Il contenuto esiste perché ci sia un contenitore, il contenitore esiste per accogliere un contenuto.

Azuma afferma: “Zen vuol dire essere vuoto. È come tenere un bicchiere vuoto.


Se il bicchiere è vuoto è sempre pronto a ricevere”



                   


K. Azuma è oltretutto conosciuto per la realizzazione di giganti gocce d’acqua “crepate”

nella superficie che lasciano intravedere l’interno, ciò che in esso è contenuto, nascosto o

semplicemente custodito. L’intenzione è quella di rappresentare ciò che nell’uomo è essenziale.

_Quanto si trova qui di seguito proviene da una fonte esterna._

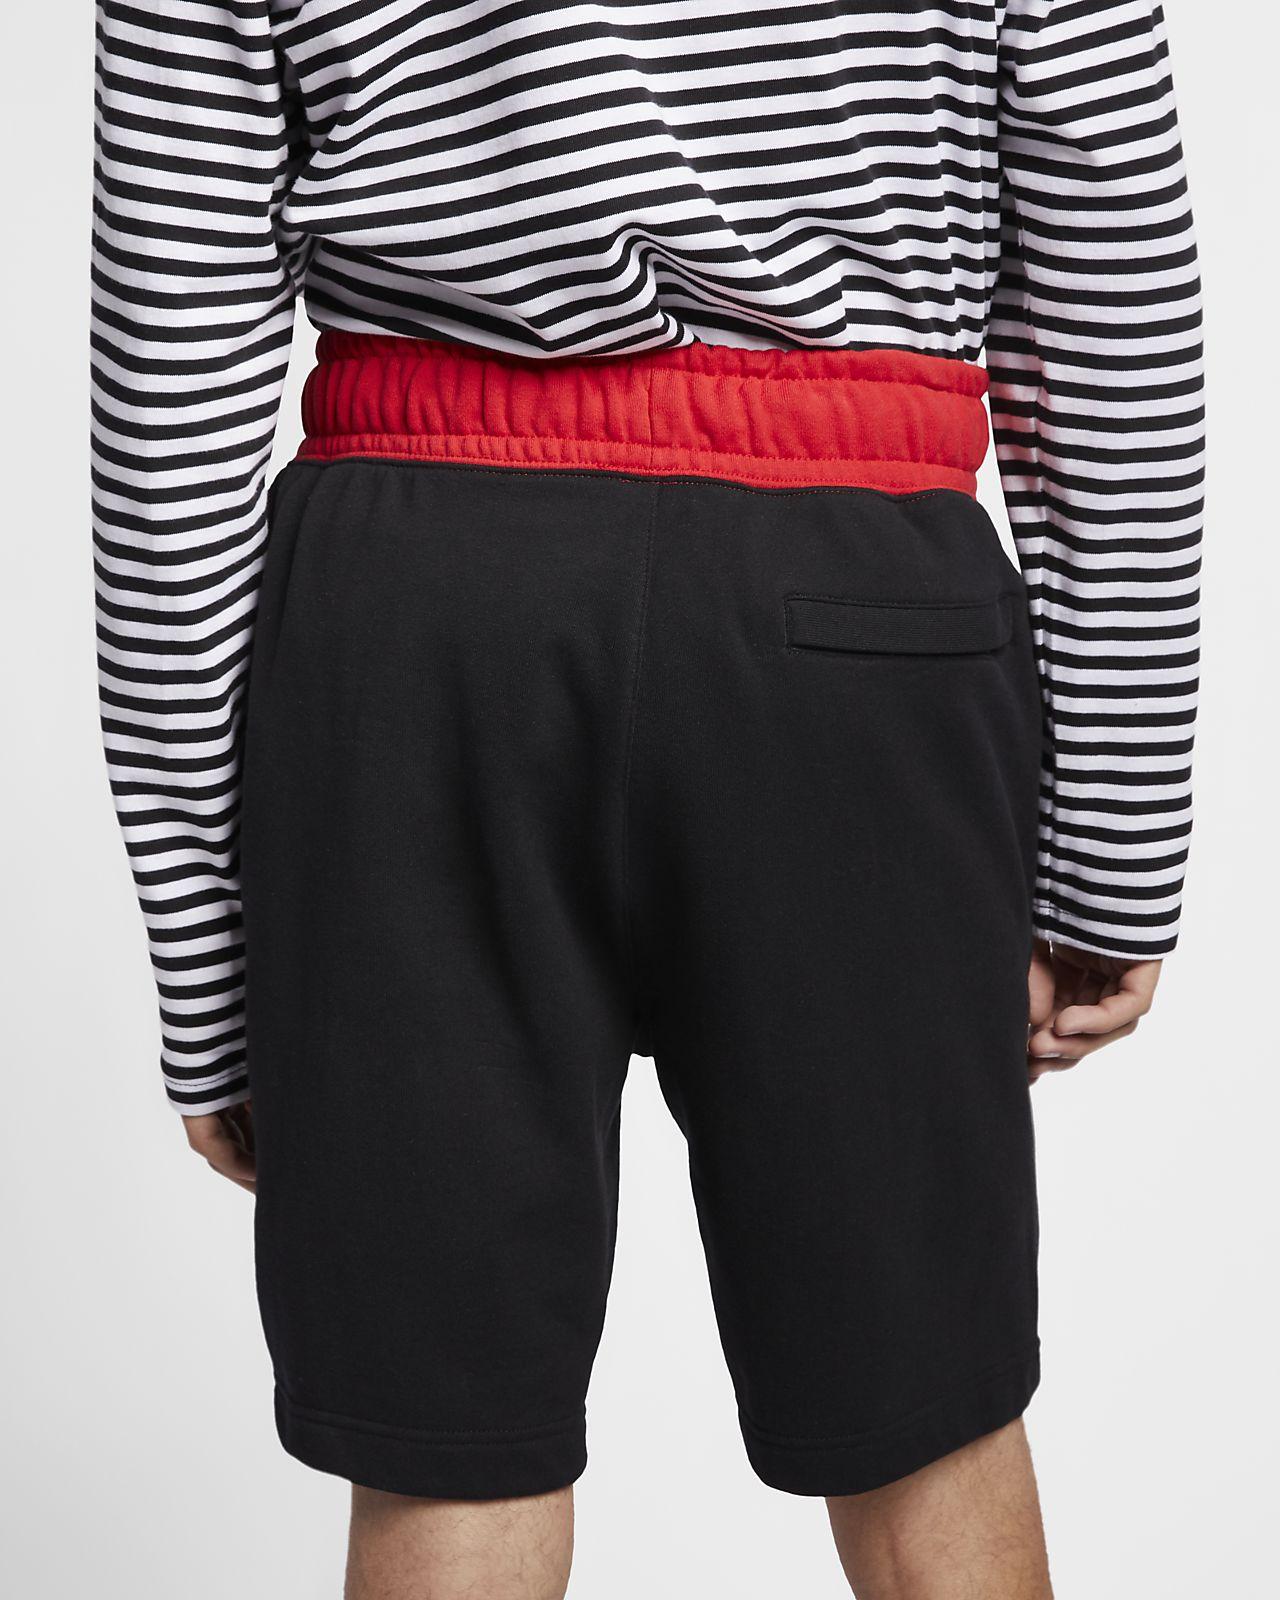 44558290602 Nike Sportswear Men's French Terry Shorts

Renderlo visibile agli occhi di tutti con forme estremamente voluminose, in contrasto con la

realtà dell’oggetto in questione (l’invisibile goccia).

A tal proposito afferma: “Ho realizzato molte gocce d’acqua di bronzo perché

la goccia d’acqua non si può mai vedere perfettamente. Appena la goccia si stacca

dalla grondaia, assume una forma perfetta che però non riusciamo a cogliere

con i nostri occhi. Io credo che la nostra vita sia un po’così. Non saremo

mai uomini perfetti come le gocce d’acqua, neanche studiando profondamente.

Nella goccia di bronzo faccio poi dei buchi.

Quello che rende un bicchiere tale non è il materiale con cui è costruito,

ma il vuoto che viene riempito dalla bevanda che vi versiamo.

Cerco quindi di esprimere utilizzando lo spazio vuoto ciò che è veramente importante,

cioè l’anima, l’amicizia, la vera solidarietà, il modo di convivere.

Con la mia sensibilità devo poi capire dove mettere i vuoti per comunicare ciò che intendo comunicare.”

L’umanità e la profondità delle ferite di un artista che ha

sulla pelle ancora l’odore della guerra, si esprime al meglio nell’idea

che l’anima sia intangibile, quasi irraggiungibile ma assolutamente

essenziale ed in continua relazione con ciò che ne permette la massima

espressione, il corpo, quello che in architettura sarebbe il materiale di cui la scultura è costruita.

La ricerca dello scultore è rivolta inoltre alla fede, parte intangibile dell’uomo di cui egli prende consapevolezza nel momento in cui un dolore così forte, come la delusione,
entra a far parte della sua vita.

La delusione che svuota mente e corpo, riporta in superficie la necessità

di ritornare all’origine di ogni cosa. La sua è una scultura fatta di materiali

semplici come legno o bronzo, le forme estremamente lineari si accordano

con il bisogno di ricercare l’essenziale che si manifesta in opere di naturale e umana bellezza.